Radiation detection and measurement is necessary for a wide variety of people working with radiation in two ways. First, they need to know basic concepts of radiation effects to handle radioactive materials safely and secondly to make research in any field related with radiation. The equipments and laboratory setup needed for radioactivity measurement are expensive and difficult to assemble due to the large variety of the type of experiments that are desirable to cover. First of all, in a basic laboratory, one needs to have gamma, beta, alpha and neutron sources, at least one detector to detect each type of radiation and other supplemental instrumentation to perform experiments. Furthermore shielding and a private secured place are needed to protect people from the effect of these radioactive sources. Nearly two hundred thousand dollars is needed to construct such a basic laboratory described as above. This project based on LabView is a good, inexpensive and easy to use solution for Radiation Detection and Measurement in the industries, power plants, hospitals or in laboratories.
The whole process can be subdivided into four basic blocks: First of all, the radio activity of particles is measured by a Scintillator detector. Every radio-active particle radiate energy. One needs to convert this energy into voltage in order to detect the radio activity. For this purpose Scintillator detector is used. It gives us pulses which is a function of radioactivity of that particle. Radio activity is a function of the pulse genereted by the particle. The more pulse a particle generates at a given time the more radio active the particle is. For example, if particle A gives 10 pulses in 1 hour and particle B gives 1000 pulses in 1 hour, then particle B is 100 times more radio active than particle A.

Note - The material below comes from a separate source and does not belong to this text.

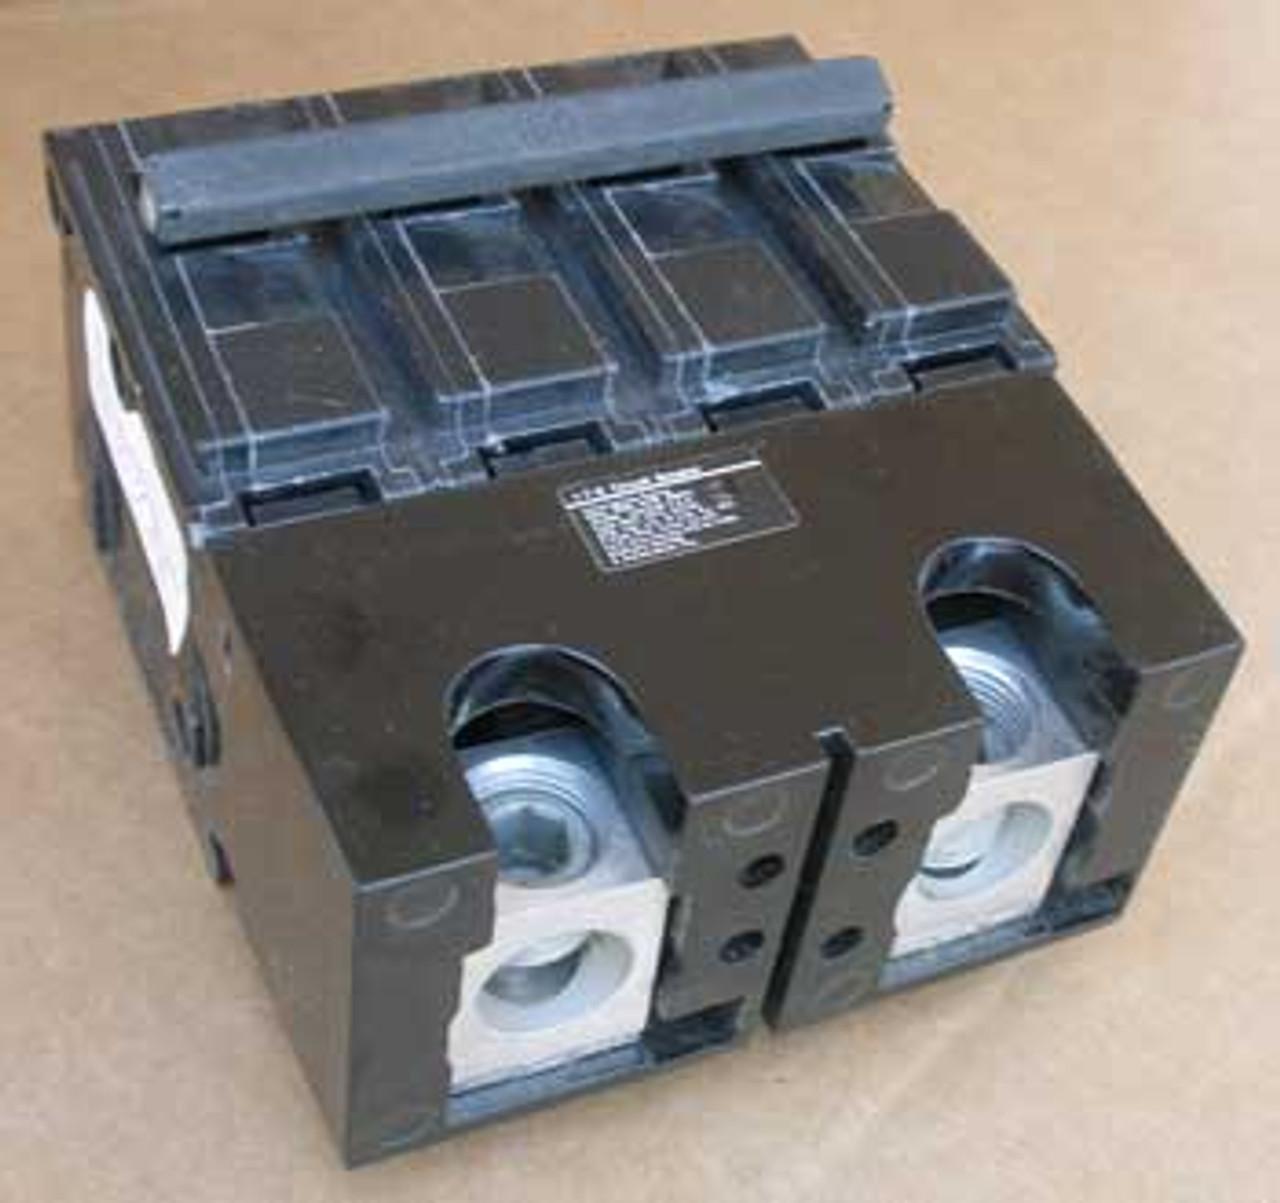 Murray MPP2150 2 Pole 150 Amp 240VAC Circuit Breaker - Used
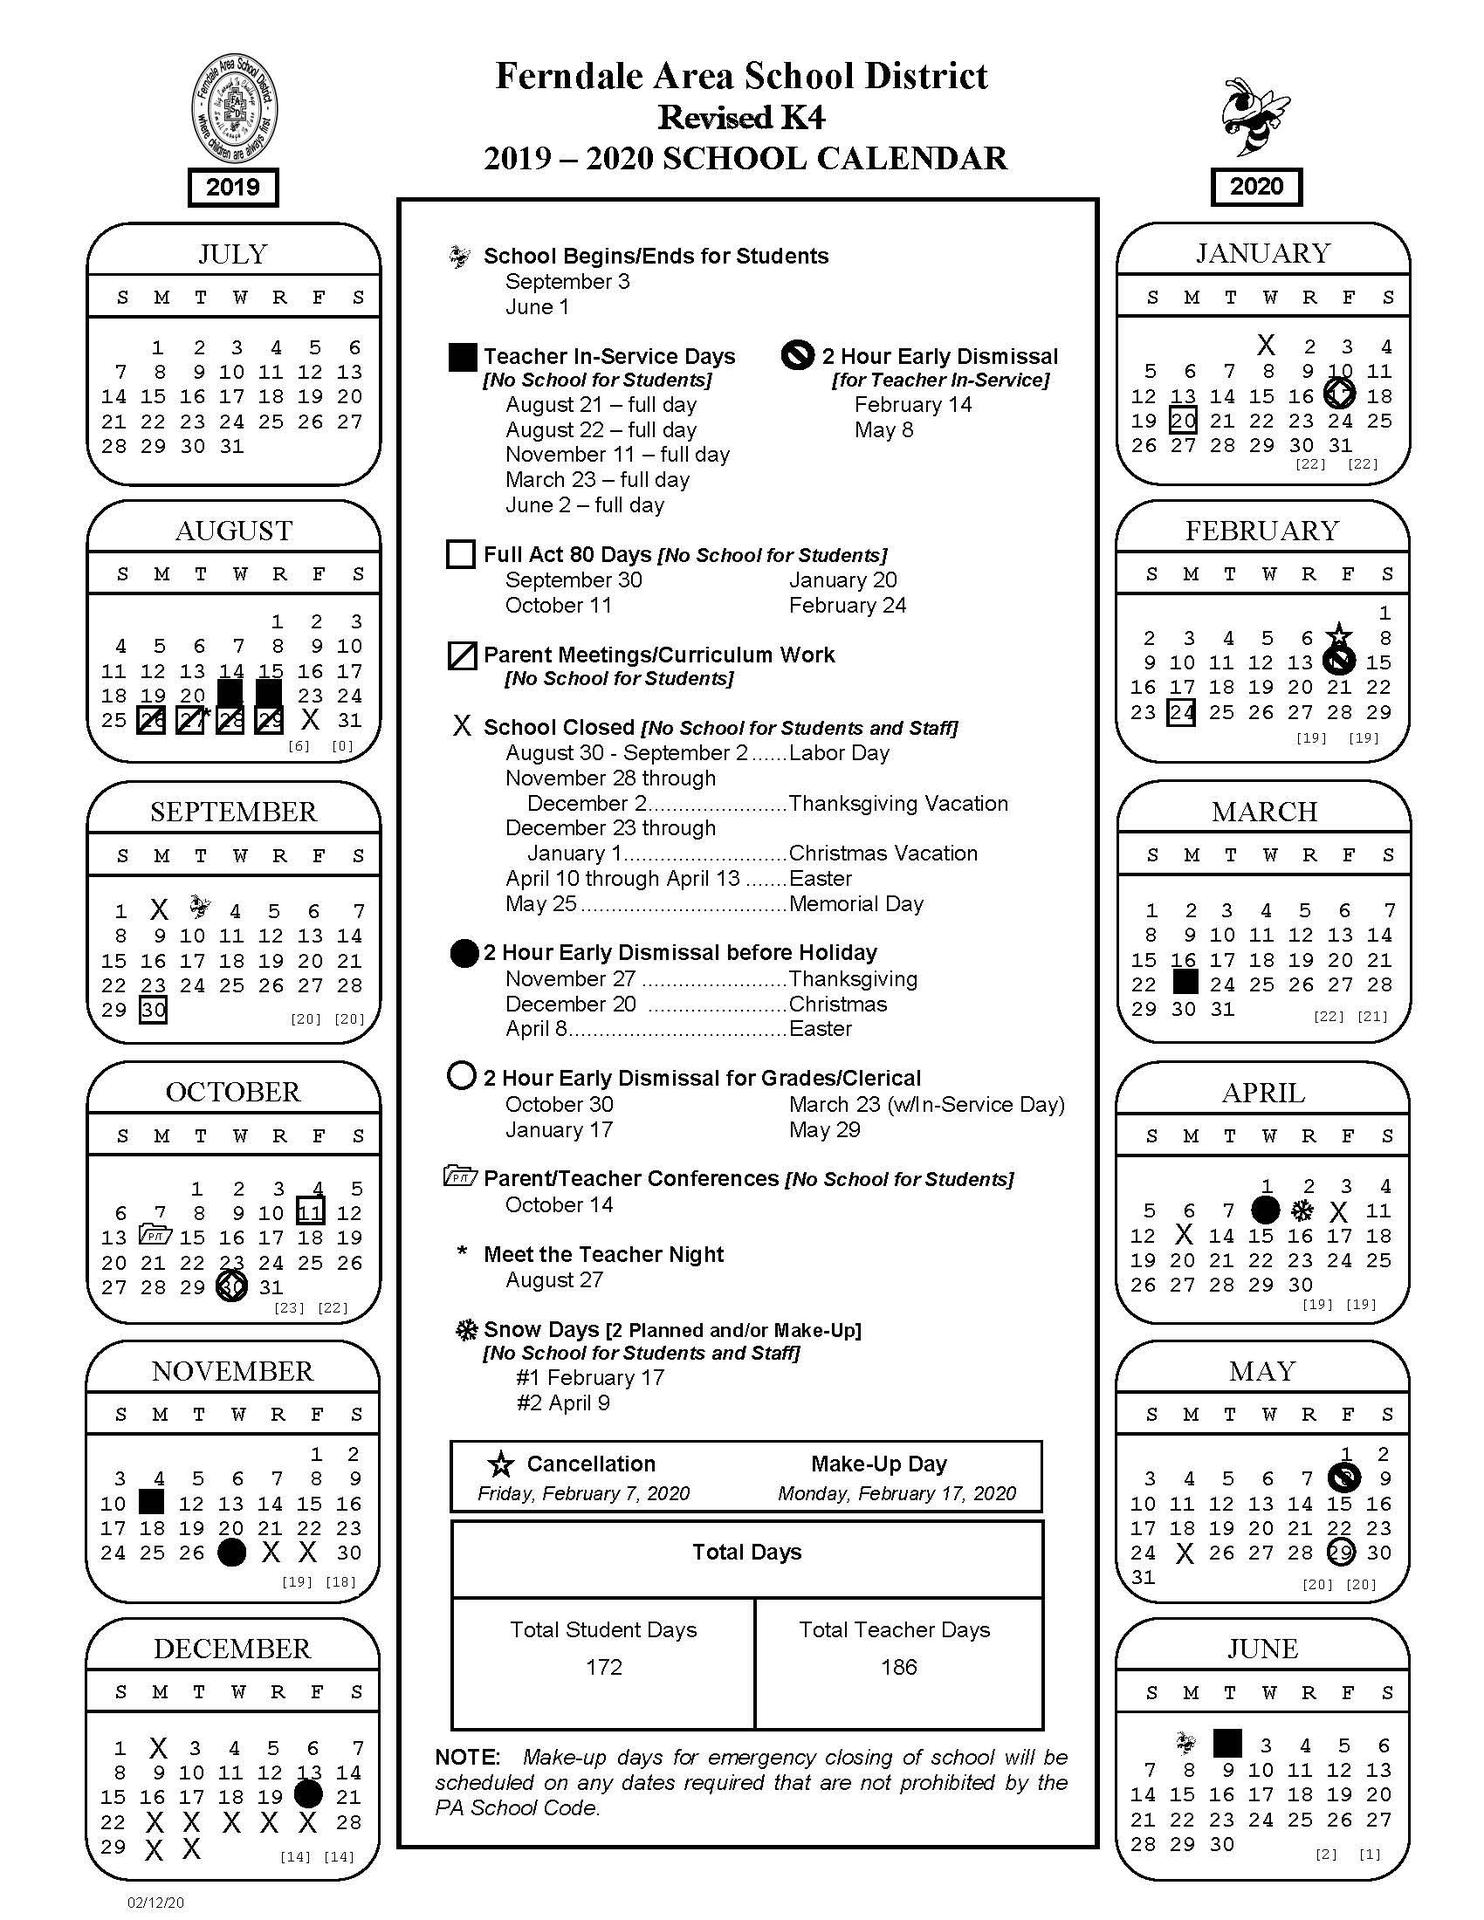 2019-2020 Revised K4 School Calendar

The pulse from Scintillator detector is then connected to DAQ card NI USB 6341, which is installed in our PC. After that LabVIEW programme is used to make interface between DAQ card and PC to measure radio activity. It measures the pulses for peak. Then it counts the number of peaks for a given time and stores it in the PC. The radio activity of a material is propotional to the number of pulses it generates at a given time. Then recorded radio activity data can be observed at a given month from LabView code and it can also be stored in the PC.
LabVIEW- Laboratory Virtual Instrumentation Engineering Workbench
DAQ- Data Acquisition
MCA- Multi Channel Analyzer
SCA- Single Channel Analyzer
QDE- Quantum detection efficiency
PET- Position Emission Tomography
PMT- Photomultiplier Tube
PHA- Pulse height spectroscopy
FWHM- Full width at half maximum
VI- Virtual instruments
USB- Universal Serial Bus
HV- High Voltage
ADC- Analog to Digital Converter
NI- National Instrument
PCI- Peripheral Component Interconnect
PXI- PCI Extensions for Instrumentation
RTSI- Real Time System Integration
LabVIEW, DAQ cards, radio activity, Scintillation detector
To conclude, an inexpensive and easy to use simulation environment for Radiation Detection and Measurement is implemented in our project. Most commonly used detectors, sources and additional instrumentation are modeled in an extensible way. Also the computer resource requirements are kept so low that with a modern personal home computer, one can use this Labview based software efficiently. So the general cost of the necessary detection & measurement is lowered to a computer price, which is easily affordable in the current century. Additionally, in Labview’s virtual window one can setup experiments which may be impossible to construct in real life. Furthermore, it creates a safe environment for the student, since there is no real radiation risk and also no possible damage risk to the expensive instruments, while learning radiation detection and measurement.
Major Problems Faced:
i. Our LabVIEW code does not work at very high frequency, because of the resolution limit of NI 6341 DAQ card. This issue can be solved by using high resolution DAQ card.
ii. We did not use any noise removal hardware. So because of the external noise, results can be varied a little bit. It can be resolved by using noise removal circuitry between scintillator detector and NI DAQ card.
Since this Labview based software is not developed with a professional team of developers and is quite new to this field, there are some bugs to be fixed. However currently it is operational and usable and will be developed in near future for more accuracy and to make it more user friendly. Neutron activation analysis is used to determine the concentrations, ingredients of a known or unknown material. This requires a nuclear reactor available to irradiate the sample and a radiation detection laboratory to analyze. Furthermore while during such an experiment the experimenter needs to predict the activity of the sample after irradiation. So the neutron activation analysis and spectroscopy module will be added to this in order to enable activity, dose and spectrum prediction and also simulation, prior to neutron activation experiments. Thus, the experimenter will be able to make changes before irradiating materials to get the best results needed. We are also looking forward to make the project an on-line monitoring system in near future.